Compute consine similarity between two words: “รถไฟ” and “รถไฟฟ้า” (train and electric train).

>>> from pythainlp.word_vector import WordVector
>>> wv = WordVector()
>>> wv.similarity('รถไฟ', 'รถไฟฟ้า')
0.43387136

Compute consine similarity between two words: “เสือดาว” and “รถไฟฟ้า” (leopard and electric train).

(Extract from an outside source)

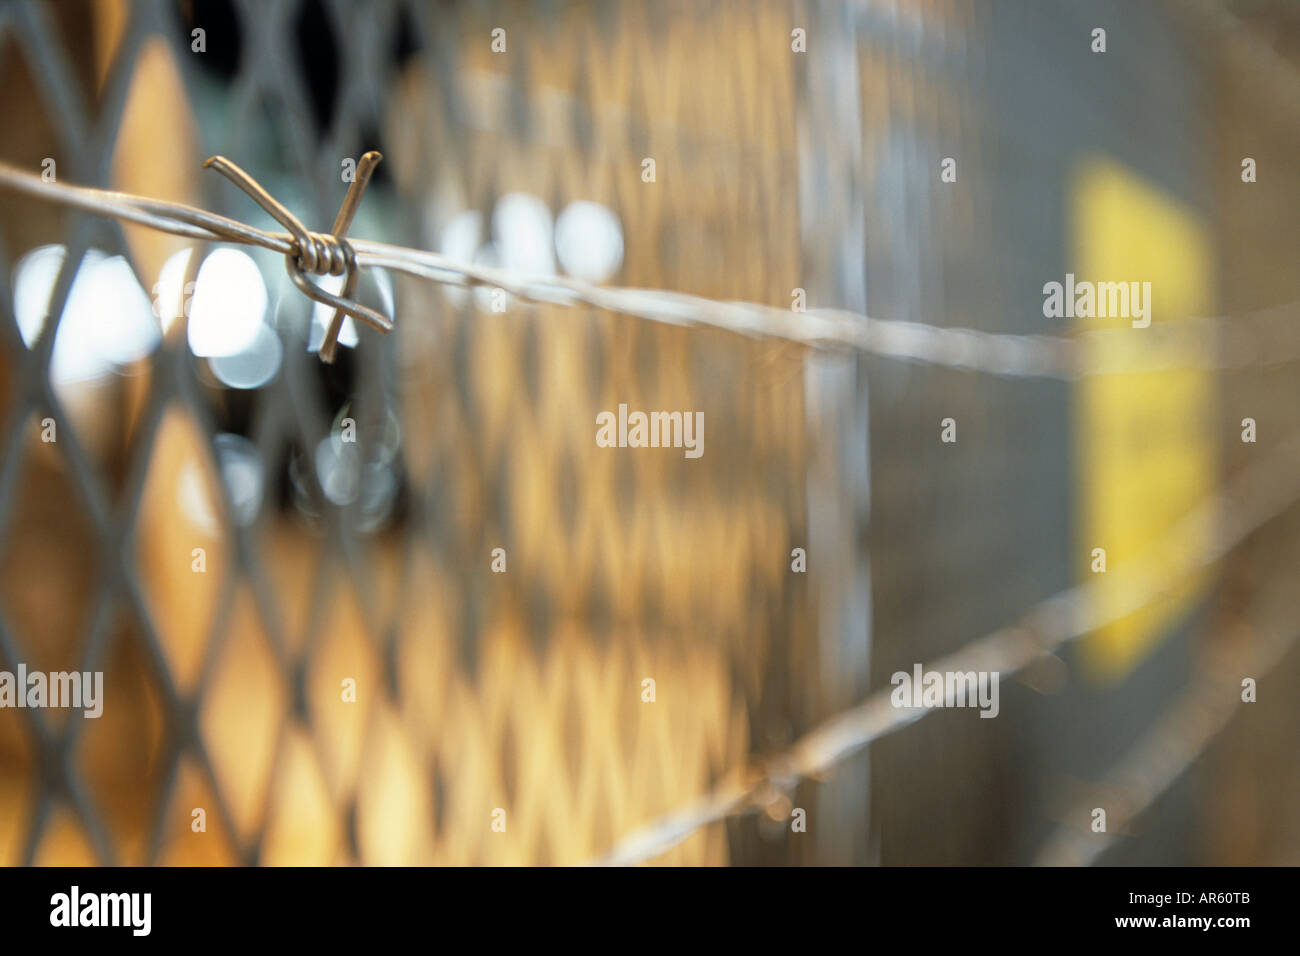 Point Alpha Stock Photos & Point Alpha Stock Images - Alamy

>>> from pythainlp.word_vector import WordVector
>>>
>>> wv = WordVector()
>>> wv.similarity('เสือดาว', 'รถไฟฟ้า')
0.04300258

sentence_vectorizer(text: str, use_mean: bool = True) → ndarray

This function convert a Thai sentence into vector. Specifically, it first tokenize that text and map each tokenized words with the word vectors from the model. Then, word vectors are aggregatesd into one vector of 300 dimension by calulating either mean, or summation of all word vectors.

Parameters

• text (str) – text input

• use_mean (bool) – if True aggregate word vectors with mean of all word vectors. Otherwise, aggregate with summation of all word vectors

Returns

300-dimension vector representing the given sentence in form of numpy array

Return type

numpy.ndarray((1,300))

Example

Vectorize the sentence, “อ้วนเสี้ยวเข้ายึดแคว้นกิจิ๋ว ในปี พ.ศ. 735”, into one sentence vector with two aggregation meanthods: mean

and summation.

>>> from pythainlp.word_vector import WordVector
>>>
>>> wv = WordVector()
>>> sentence = 'อ้วนเสี้ยวเข้ายึดแคว้นกิจิ๋ว ในปี พ.ศ. 735'
>>> wv.sentence_vectorizer(sentence, use_mean=True)
array([[-0.00421414, -0.08881307,  0.05081136, -0.05632929,
     -0.06607185, 0.03059357, -0.113882  , -0.00074836,  0.05035743,
     0.02914307,
     ...
    0.02893357,  0.11327957,  0.04562086, -0.05015393,  0.11641257,
    0.32304936, -0.05054322,  0.03639471, -0.06531371,  0.05048079]])
>>>
>>> wv.sentence_vectorizer(sentence, use_mean=False)
array([[-0.05899798, -1.24338295,  0.711359  , -0.78861002,
     -0.92500597, 0.42831   , -1.59434797, -0.01047703,  0.705004
    ,  0.40800299,
    ...
    0.40506999,  1.58591403,  0.63869202, -0.702155  ,  1.62977601,
    4.52269109, -0.70760502,  0.50952601, -0.914392  ,  0.70673105]])

References

1

Omer Levy and Yoav Goldberg (2014). Linguistic Regularities in Sparse and Explicit Word Representations.